“For the straight way was lost”: A Reading
The most recent offering by Toronto’s poet laureate Dionne Brand, Ossuaries (McClelland & Stewart, 2010), is a book-length ekphrastic (from Greek: to speak out) written in 15 “ossuaries” that beautifully incorporate the raw energy conveyed upon the intricate structures of Thelonious Monk, Charles Parker Jr., and Charles Mingus along with the garish hues of Jacob Laurence to shape a poetics of dissent. Building upon the themes in her previous book, Inventory (2006), the poet has refined her form even further to speak publically about grief, the grievable, and the failure of our contemporary world that incarcerates the majority so variously and some more brutally than others.
In Ossuary I the reader is addressed by a first person voice skirting borders of public and private in a sobering tone reminiscent of a Greek Chorus. Lapidary layers of tercets are a brilliant display case for problematics of gender, class, and racism that play out in ways constitutive, spectral, and spectacle-centred, commenting on a contemporary world marred by inequities that underwrite its modernity. The poem becomes an ossuary. The stanza, ossuary. Yasmine, the protagonist, cannot be read as a Beatrice, yet it is tempting to try. She invites readers underground into the language of devastation, enclosure, and exile and gives voice to ruin.

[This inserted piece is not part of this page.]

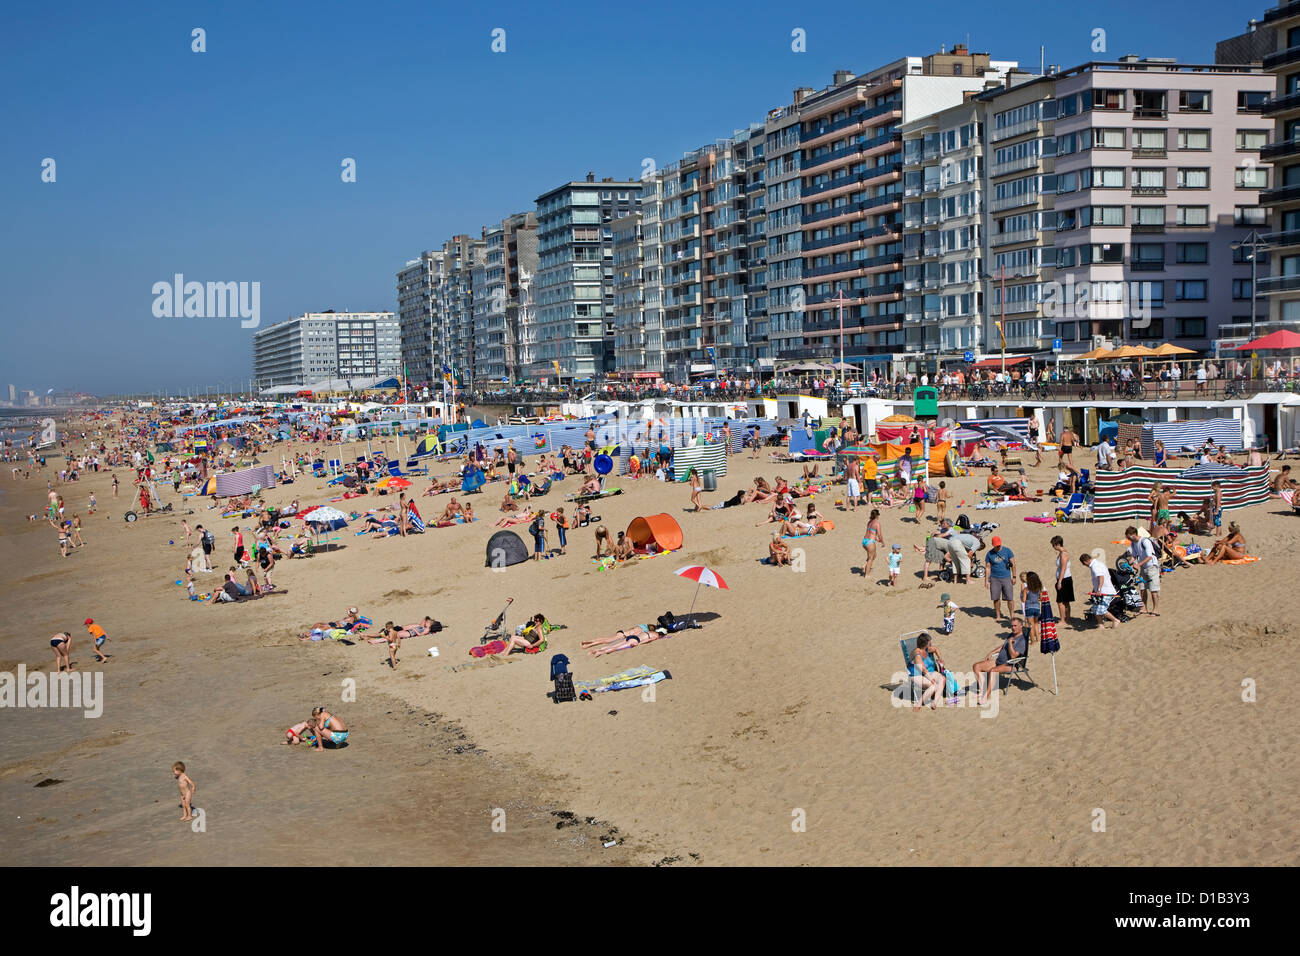 Bañistas en verano tomando el sol detrás de pantallas y cortinas rompevientos en la playa en la costa del Mar del Norte en la ciudad balnearia belga, Bélgica Foto de stock
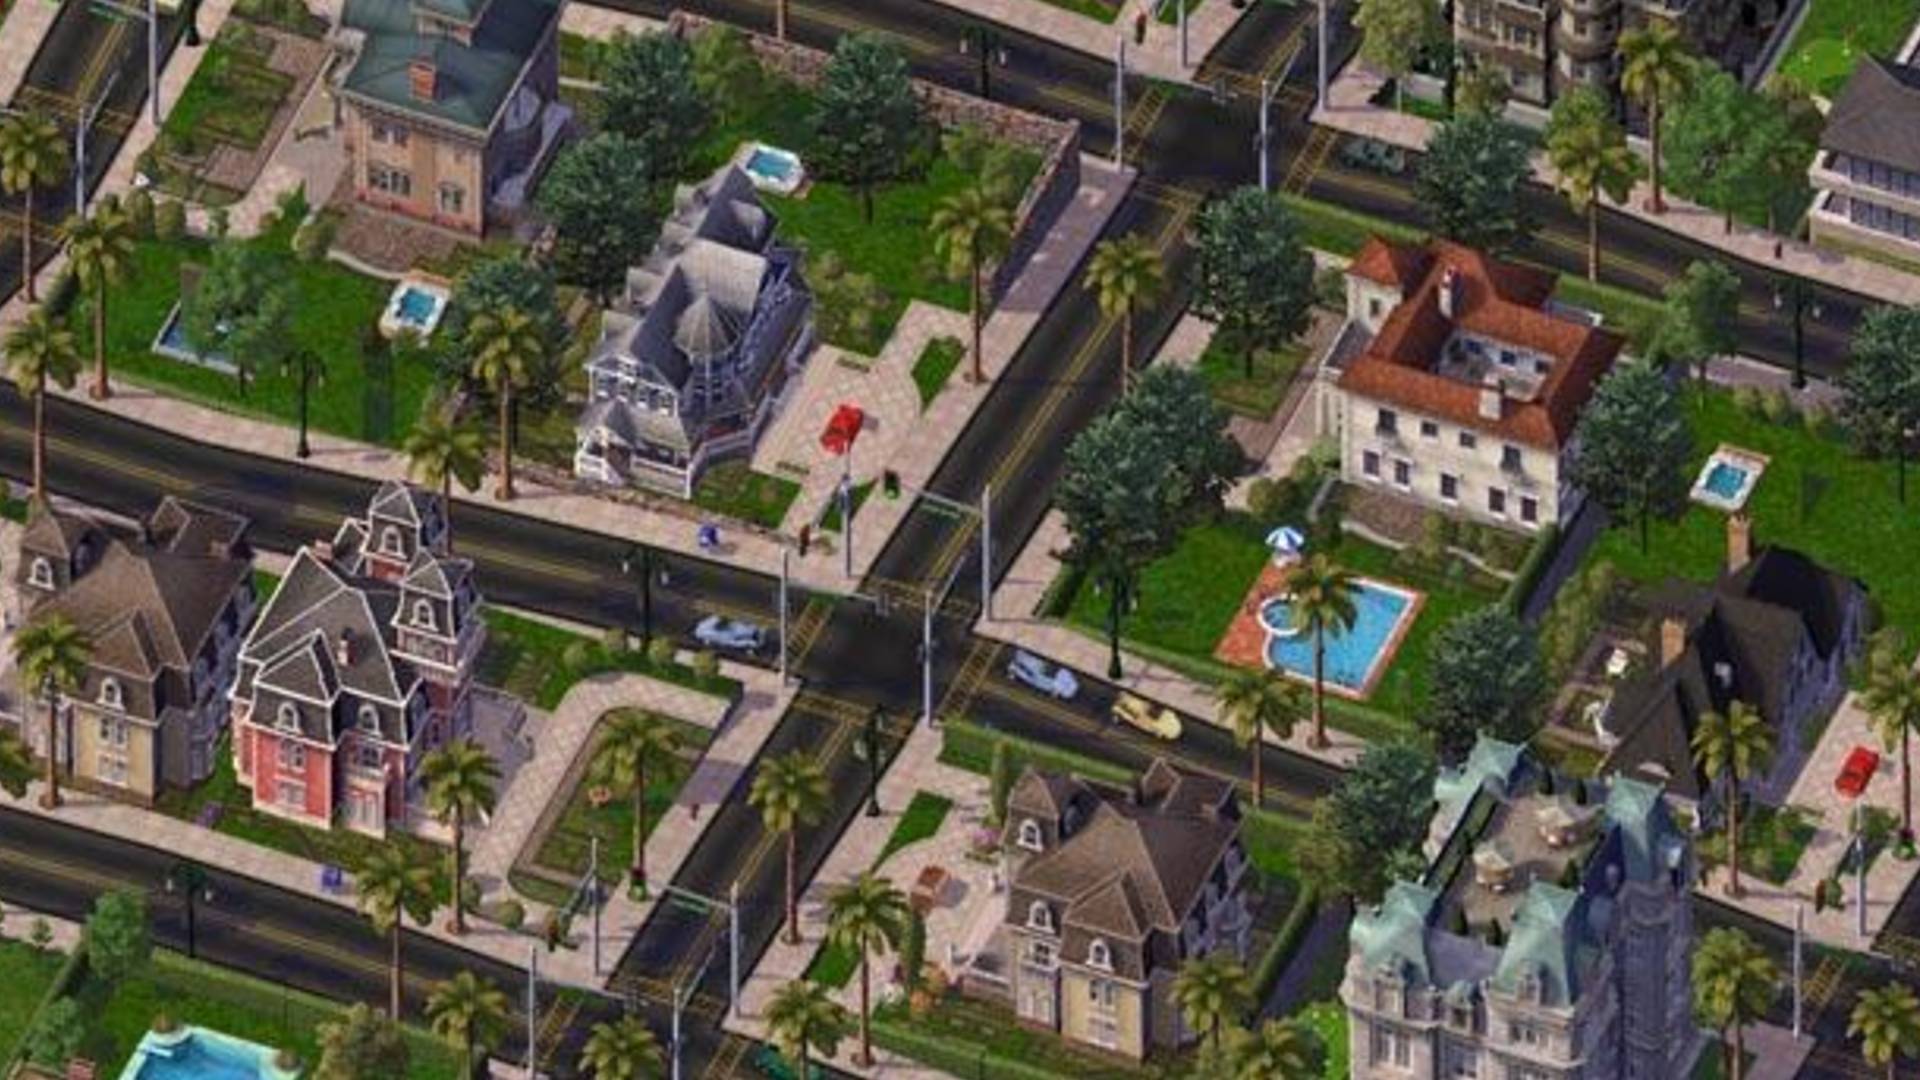 ベストシティビルディングゲーム：Simcity 4.画像は、裕福な郊外の風景を示しています。

The poem begins in this fall, echoing and replying to Thelonious Monk’s “Epistorophy” in a performative gesture that also embraces Pascal Blanchard’s spectacle of the grotesque (referenced in the acknowledgements). Ossuary I uses the rhetoric of the Epistrophe to begin from a place utterly lacking in virtue, the moral zero of reader and speaker.
at night, especially at night, it is always at night,
a wall of concrete enclosed me,
it was impossible to open my eyes. (11)
In the first pages, the reader’s compass is set spinning; themes emerge, diverge, and merge: waiting, the violence of measurements, broken gardens, asthma/lungs, blue buttons, numbers, fibres, violence as spectacle/specular/inspection/introspection, blindness coupled with “eye sickness, eye murder” (17), the extreme violence of voyeurism as a form of war.
How to proceed from here? The answer offered both by the speaker and Yasmine is troubling, devastating, framed in art. What comes clearly through in Ossuary II is “she reads later that Mingus said the last movement / suggests the ‘frantic burst of a dying organism’ (43) … the spasms of that. The most haunting image is Yasmine’s personification as explosive: “she flew like shrapnel off the bed / felt her way blind, as fire with slender strands” (25).
All exits are blocked in this book-length poem. Protest and resistance are remade in artistic distances so that the reader feels the productive tension between speaker(s) and maker of stanzas. If nothing else, the poet believes in art.